Sunday, 26 January 2025

Beer in Czechoslovakia in the 1980s (part two)

Time for another instalment of 1980s socialist nostalgia.

In this period Czechoslovakia had the best overall beer quality of anywhere I've ever been. I never came across a beer which wasn't of at least a decent standard. Even the stuff I wasn't that keen on - such as Staropramen - was still perfectly acceptable.

Something which never seems to get mentioned nowadays is the serving method. People go on about crap like "mlíko" pours - something I never came across in the 1980s and which I suspect was just made up recently. But not the reason why Czech beer was so drinkable: air pressure. Rather than CO2, air pressure was used to pump up beer from the celaar. Much like tall fonts in Scotland. The resulting half litre had a wonderful creamy head, but wasn't overly fizzy. Being more like beer served through a sparkler in texture. Why does no-one lament the loss of this wonderful practice?

In recent years, breweries have been built as standard projects in Slovakia with an annual output of around 750,000 hectolitres, in Hurbanovo or in Banska Bystrica. This is intended to relieve the burden on breweries in the homeland of beer, Bohemia, and to generally improve quality. In the "U Kalicha", where Schwejk wanted to meet with the sapper Vodicka "at six o'clock after the war", there is now Pilsner Urquell, and this Prague restaurant is just as much a tourist attraction as "U Fleku" in Kremencova Street, where beer was brewed 33 years before Columbus discovered America.
"Rund ums Bier" by Emil Ulischberger, Leipzig, 1986, page 55.

The brewing industry was relatively undevelopped in Slovakia, which is why large new breweries were built there.

Here's a confession: despite having read Švejk in the original Czech, I've never been in U Kalicha. Too touristy, even in the 1980s. I preferred the more basic type of Czech pub. Ones in the third or fourth category in the official way of classifying pubs. The type of place that only sold 10º beer.

Of the 1,500 beer bars in Prague, however, “U Fleku” is one of the best known because, as I said, they not only serve beer here, they also brew it. The famous 13-degree dark lager has been available here since 1840 in the large beer garden and in the many stylish rooms decorated by Czech artists. The rooms have their own names, such as Jitrnice (liver sausage), Redakce (editorial office), Academy, V kufru (In a suitcase), Chmelnice (hop garden). However, there is an inimitable atmosphere in all rooms, and workers, craftsmen, writers, artists and scientists have always sat together at the beer table in cheerful and contemplative conversation, stimulated by the tasty dark beer.
"Rund ums Bier" by Emil Ulischberger, Leipzig, 1986, page 55.
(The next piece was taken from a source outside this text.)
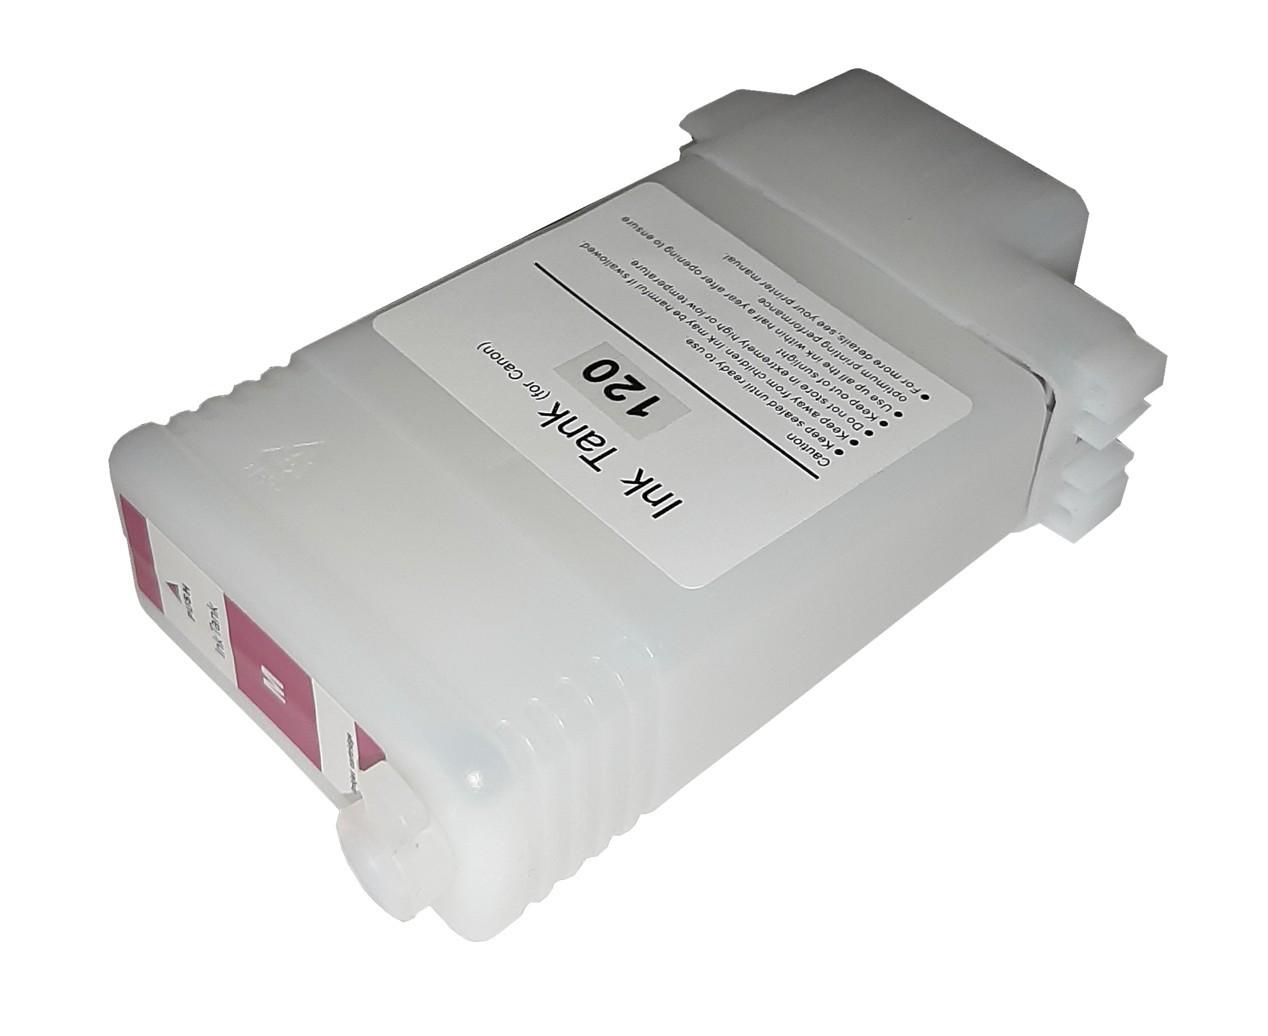 Перезаправляемый картридж Ocbestjet для плоттеров Canon TM-200/300 с чипом PFI-120 Magenta (130 мл)
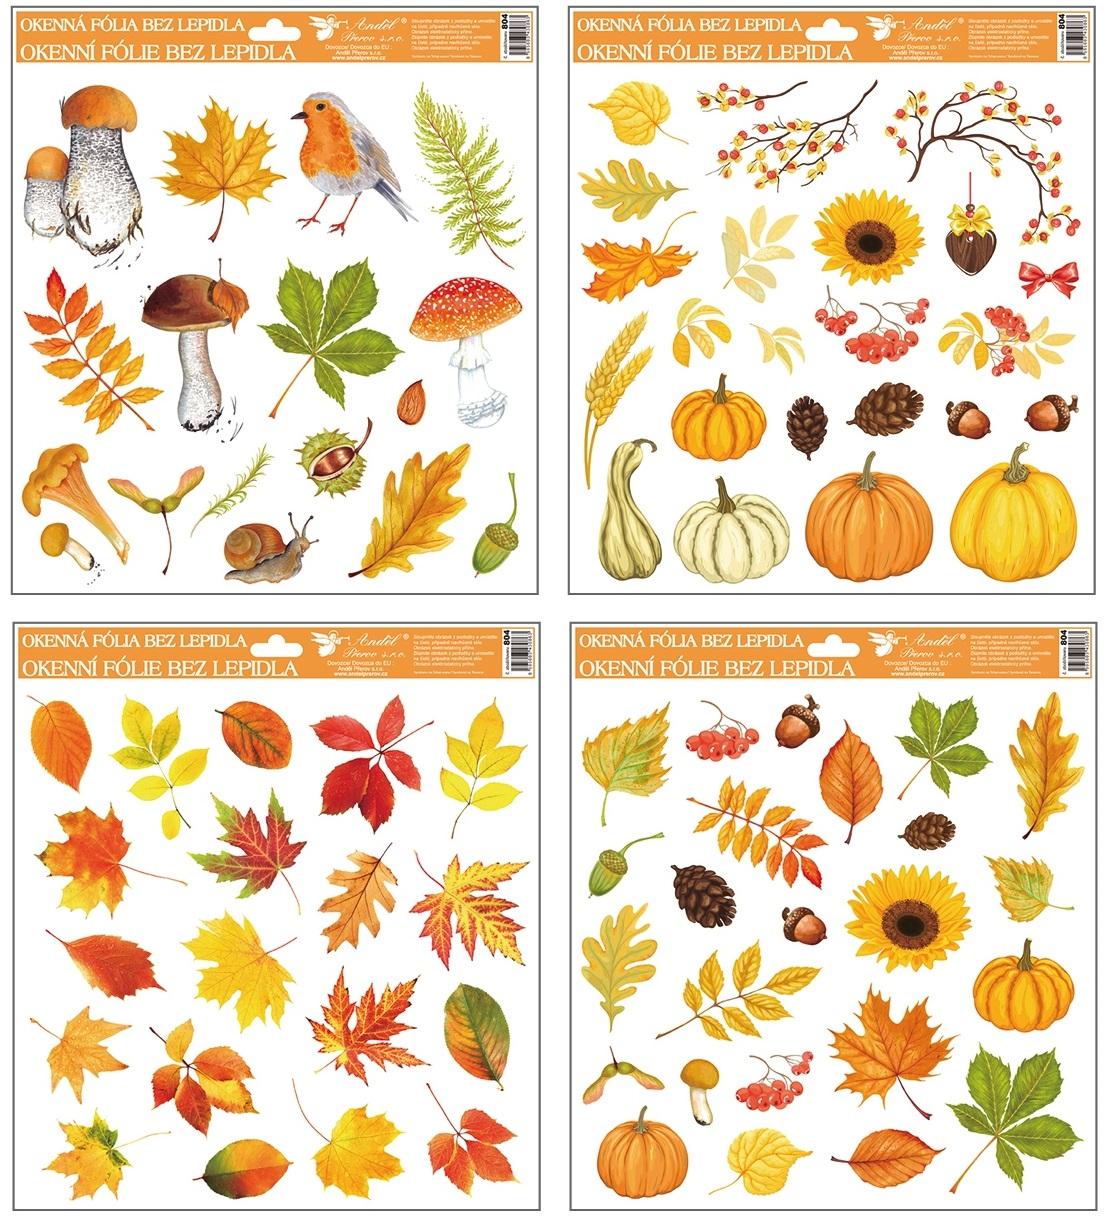 Fólie na okna podzim 30x30 cm (804)

U Fleku, on the other hand, was a wonderful place. Not totally swamped with tourists and genuinely having all walks of society clumped together along its long tables. And home to a magnificent dark Lager. The beer - at least the last time I was ther emore than ten years ago - was still excellent. The atmosphere, not so much so.

These are specialties in the CSSR that are often recommended to visitors, because beer drinkers quickly agree on where a good beer flows from the tap.

By the way, beer from the CSSR is served in 80 countries around the world. Recently, for tropical zones (and not only for these), beer is available in cans with “Budvar” and a “golden pheasant” on the label.

In addition to “Urquell”, it is above all “Budvar” and “Crystal” from České Budějovice, the Prague “Staropramen” and the dark Pilsner lager “Diplomat” that have a good name all over the world and are witnesses to the art of Bohemian brewing. Over 1,250,000 hectolitres of Czechoslovak beer flow in a never-ending stream all over the world - to the delight of beer connoisseurs and beer drinkers!
"Rund ums Bier" by Emil Ulischberger, Leipzig, 1986, page 55.

Currently, Czechia exports considerably more than Czechoslovakia did in the 1980s. Over 5 million hectolitres.